You guys are heavy with accuracy.
So I'd love to hear what Skydio is is looking to invest their engineering group on making that, more available in a in a quicker, more rapid pace than than than what it's been historically. Yeah. Not not sure.
Critical, but just you know?
No. It's it's a new space for us. Skydio has not typically operated in the high precision market. Entering this whole DOT construction industry is pretty new for us.
So we are hoping to learn a lot more from you guys, and that's part of the reason why even with the alph RTK Alpha, we actually came out to a bunch of construction companies, trying to see what are all of the differences they have in the ways that they operate. And just the surface area there is extremely large. So that is something that we have to account for. And while accounting for that surface area and trying to hit that extremely high accuracy metric every single time.
That has taken us a little bit longer than we had originally anticipated, but the engineering team is extremely well well funded. So we actually had a review, not that long ago, and we put decided to pull more resources in to make sure that we're able to get this to market as quickly as possible. And that's kind of why I have the confidence to say it today that we plan to have this before the end of this year.
Awesome. Thank you.
Any final questions? Alright.
Before I begin to speak of, moving beyond RTK, what do you guys have do you guys have any thoughts on quantum GPS?
Because there's been kind of a a rise in that technology and and submillimeter accuracy, that's kind of looming probably more than five years in the future. But what are some thoughts around that?
I don't.
Those receivers sound expensive.
Whenever as it gets into, like, this this measurement of accuracy, we have to remember that you either apply that to all situations or just few, you know, a few select kinds.
Most of the time, the hardest thing is just making sure you can compare what you've generated to a known point, and and is that point accurate or not? This this is a reoccurring theme whenever we get into high accuracy, drone stuff. And, there there isn't many situations, I think, when you're using a drone except, I guess, in my experience, that the precision that we see from laser scanners or total stations is really necessary.
I think the drone is a tool, but those tools will those other tools will continue to exist, and it may not be GPS today or in the future.
And I don't think those tools are gonna go anywhere anytime soon either. And Aaron uses a lot of lidar. I've been using a lot of lidar myself. And again, like, there's situations where you're gonna use lidar, you're gonna use GPS, you're gonna use a drone.
It it really varies by the the use case, I guess, or the data.
And say I'll add to that. Yeah. I mean, we're we're not, you know, we're not using, we're not viewing drones as the end all be all. It's one more tool in our toolkit.

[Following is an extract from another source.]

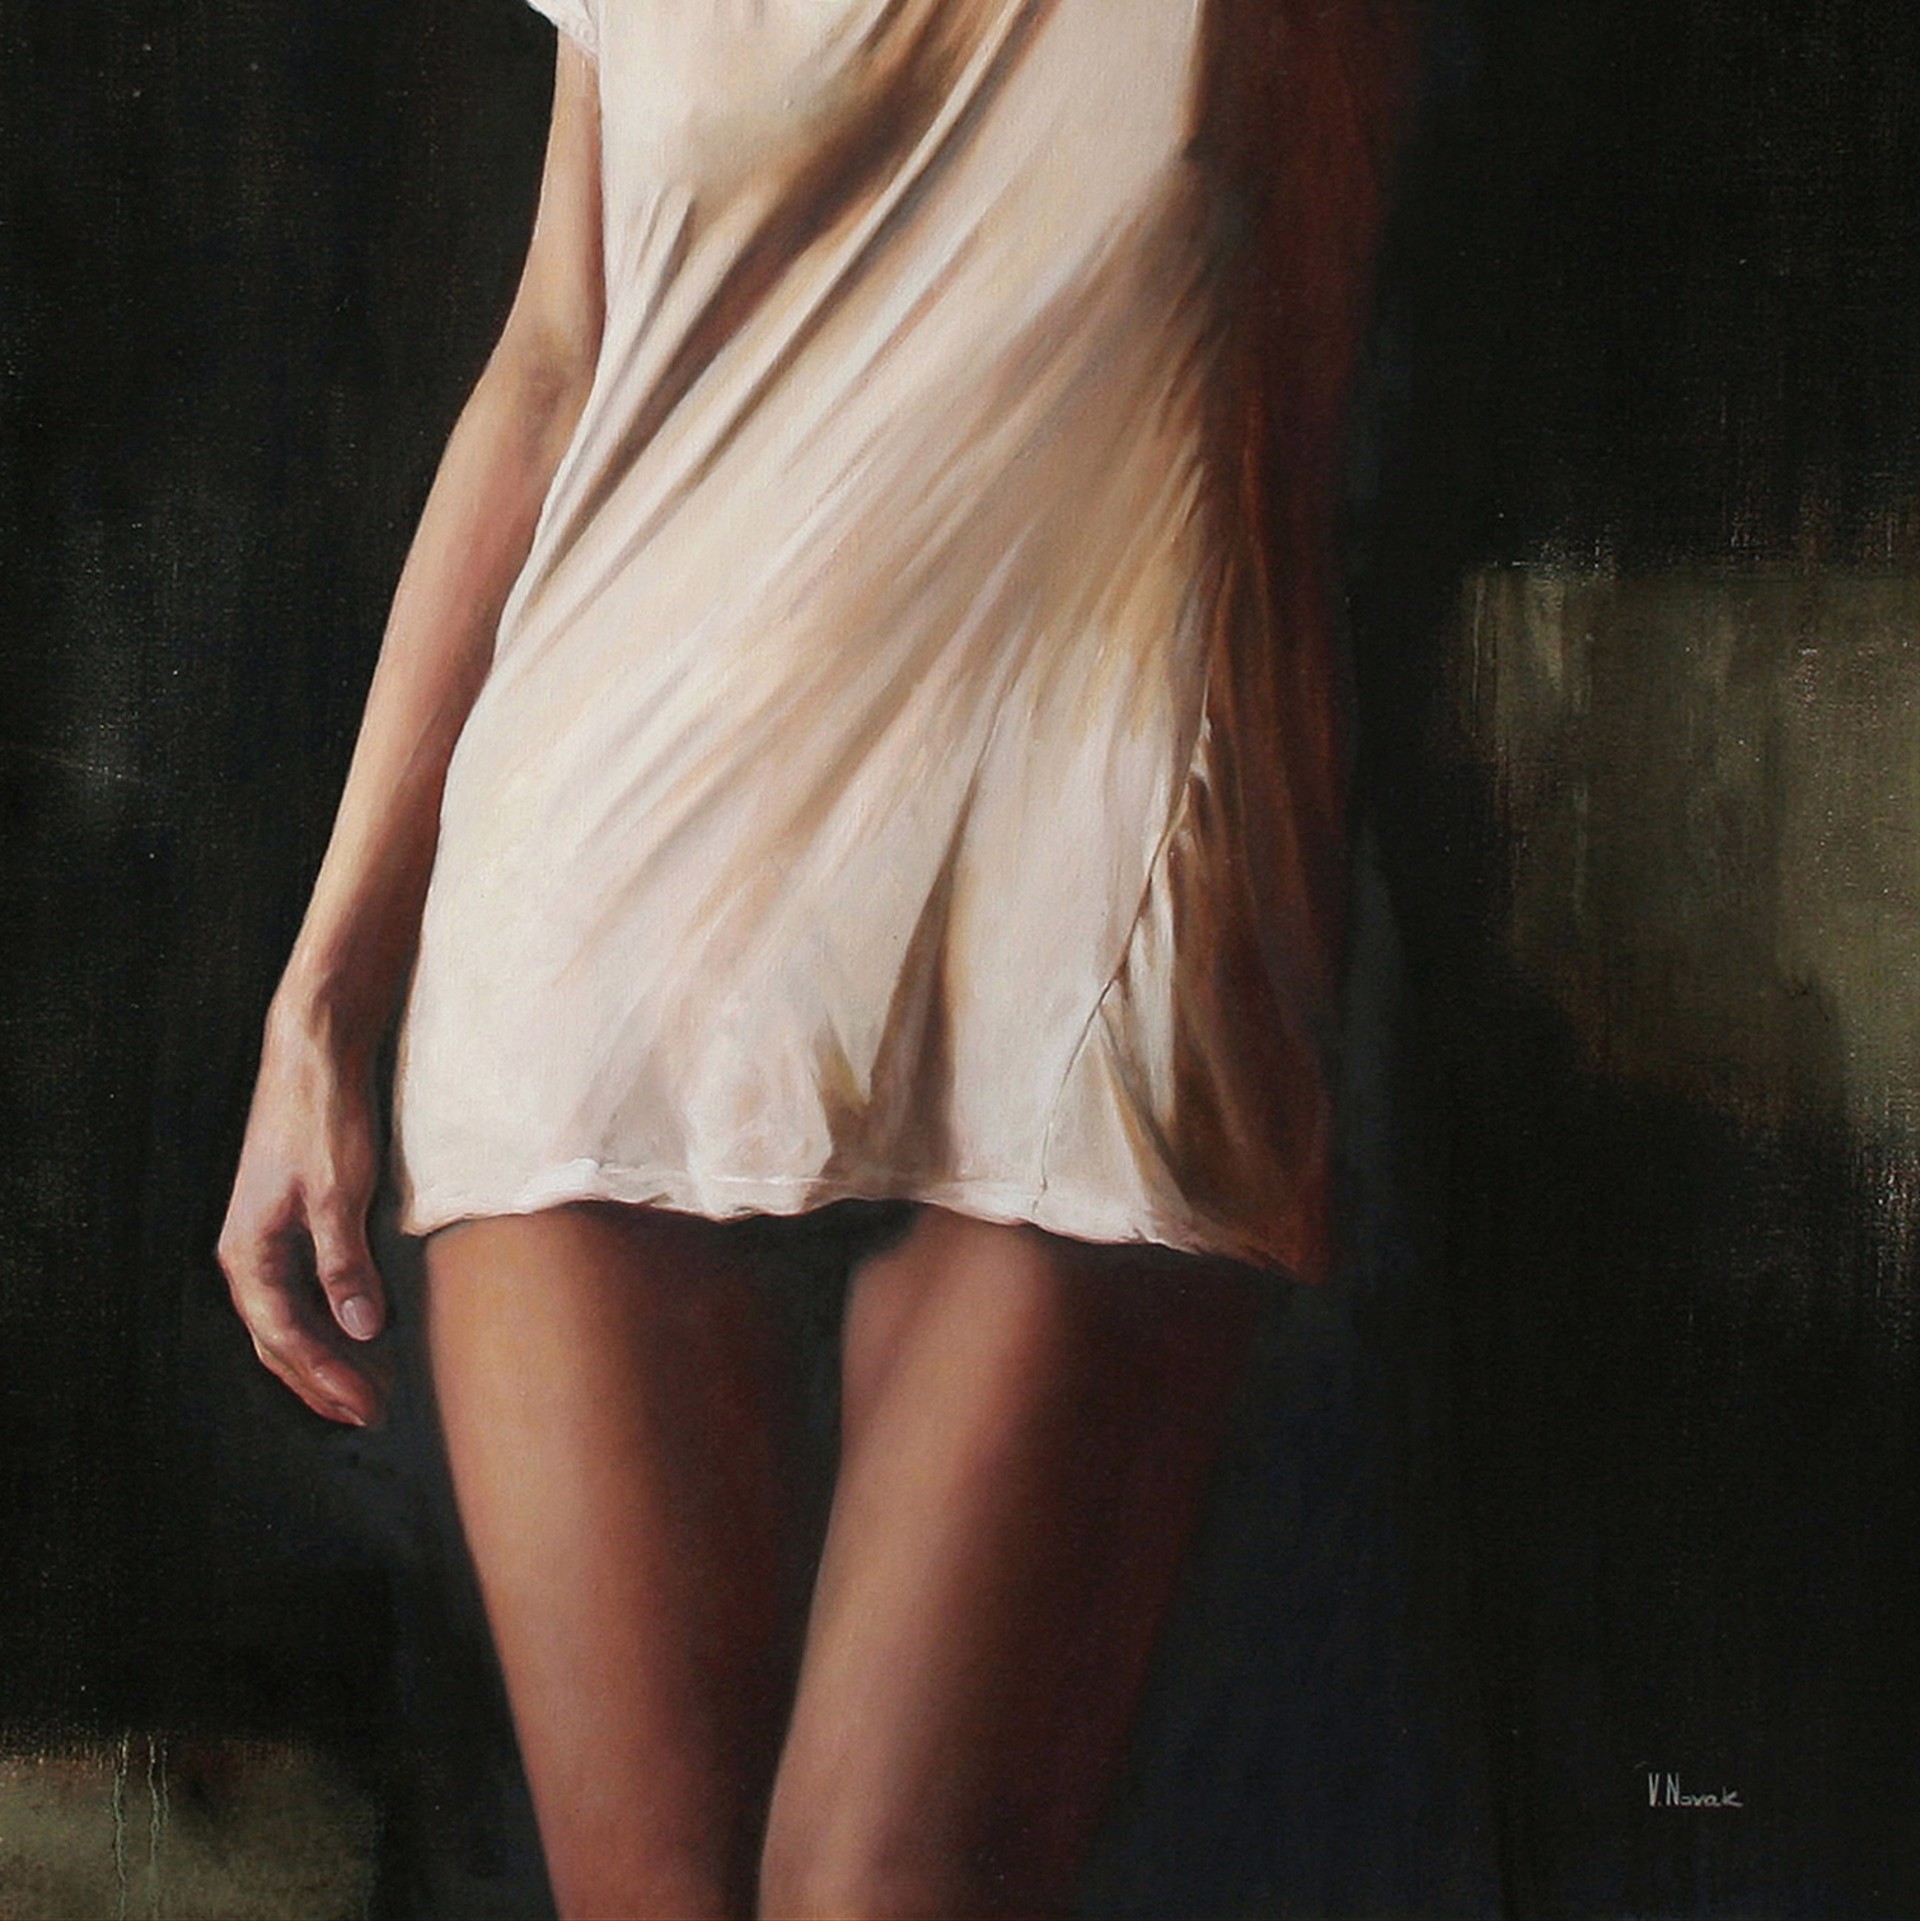 Expressive figurative oil painting "Falling to Pieces" by Victoria Novak, depicting a young woman in a white dress with her arm raised, against a dark, abstract background with dripping paint.

We're still doing you know, if you're doing cadastral land work, you're doing that with a total station, you're doing that with RTK, and you're doing static sessions. Right? Because that's the level of accuracy you need. It's about, again, it's about the standardization piece, knowing what the need is, what is the level of accuracy needed, and achieving that and no more.
Because if you're doing anything more than that, you're actually wasting effort. So then back to the efficiency piece. If I don't need millimeter accuracy on, you know, midway through a project earthwork, why am I gonna spend the effort to do that?
Great. Well, thank you, everyone. And, let's give a round of applause for the panelists, please.
Thanks, everyone.
And a big thank you to the engineering team that's up here as well. So if you have really complex technical questions.